The perseverance on behalf of the local communities surrounding the churches is demonstrated by the case of St Mary of the Angels in Brownshill, Gloucestershire, when in 2011 villagers purchased the church from the diocese and entrusted its care to the Friends in perpetuity. One of the great fears of the FoFC is that short-sighted decisions on behalf of church authorities looking to balance the books could seriously and irrevocably damage the nation’s greatest architectural legacy – removing centuries old buildings from existence or public access over the course of a single generation. Nearly half of the Grade I-listed buildings in England are churches, and around 30 are put up for sale or closed every year.
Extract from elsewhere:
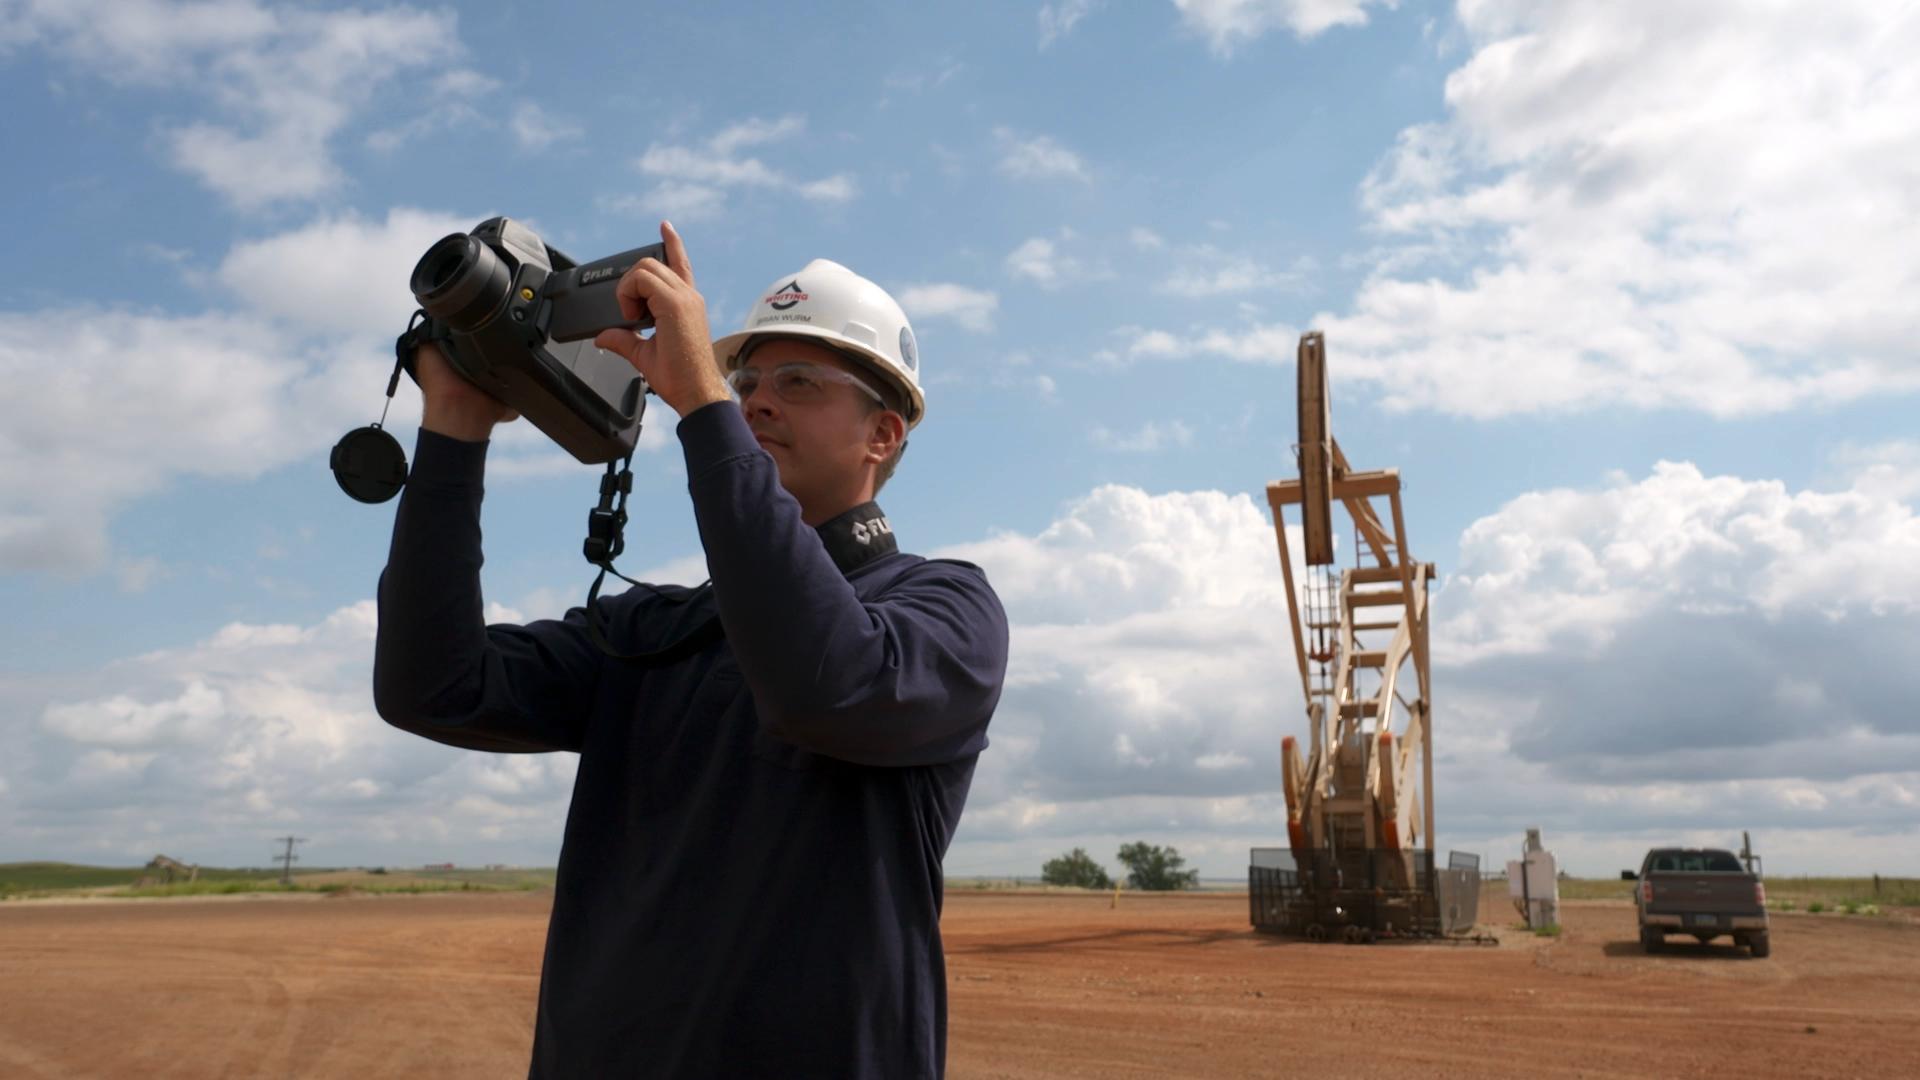 Person holding viewing equipment near an oil pump.

The Friends receive no public funding in England and only modest support from the Church of Wales. Otherwise, they are entirely reliant on support from their members and donations from the general public. Though many churches petition the Friends for support, they don’t have the budget to rescue all those that are in need. In fact, the organisation has a long list of churches that are under threat or that in some cases have been closed and have stood locked and deteriorating for over 12 years. “There are more churches added to our list every quarter. Some have been on this list for well over a decade,” says Morley.

The Friends stress that cared for and cherished should not mean fossilised, and instead they want offer their churches for public events such as concerts, knitting groups, seasonal lectures, art exhibitions, supper clubs and the occasional religious ceremony. They intend to carry on working tirelessly to preserve what Shakespeare described as our magnificent “sermons in stone” for generations to come.